The function range_doppler in range_doppler.py determines the range and radial velocity of the ball seen by each sensor. The range-Doppler plot below does not reflect an actual map as it plots the entire trajectory.
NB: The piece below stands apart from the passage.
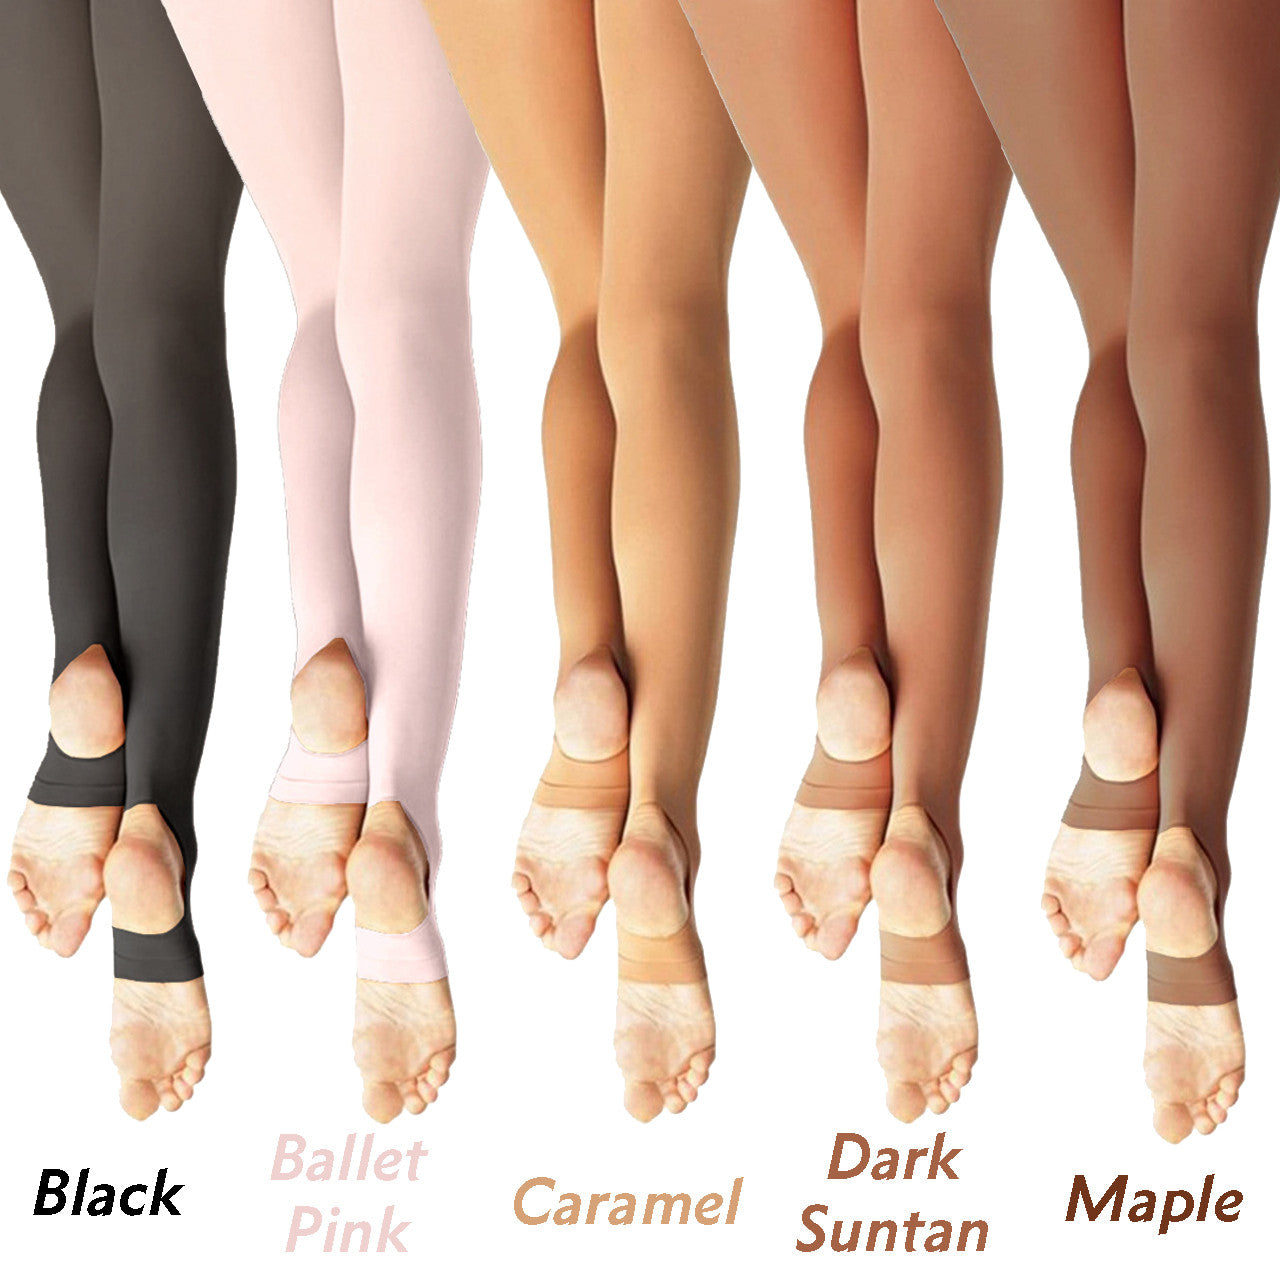 Capzio Capezio Hold and Stretch Footless Tights - Black

Remark : Here I treated CPI (Coherent Processing Interval) as sensor sampling period, it seems to be what EMSS did. The sensor locations were also borrowed from EMSS's documentation, so I assume they reflect reality is some small way. Note the radial velocity is unneeded for the multilateration process, as it only requires range measurements, but was included for completeness.
In [4]:
sensor_locations = np.array([[-10, 28.5, 1], [-15, 30.3, 3],
[200, 30, 1.5], [220, -31, 2],
[-30, 0, 0.5], [150, 10, 0.6]])
cpi = 40e-3
t_sim = np.arange(0, 12, cpi)
t, p, v = calc_traj(p0[0, :], v0[0, :], w0[0, :], t_sim)
In [5]:
r_d = range_doppler(sensor_locations, p, v)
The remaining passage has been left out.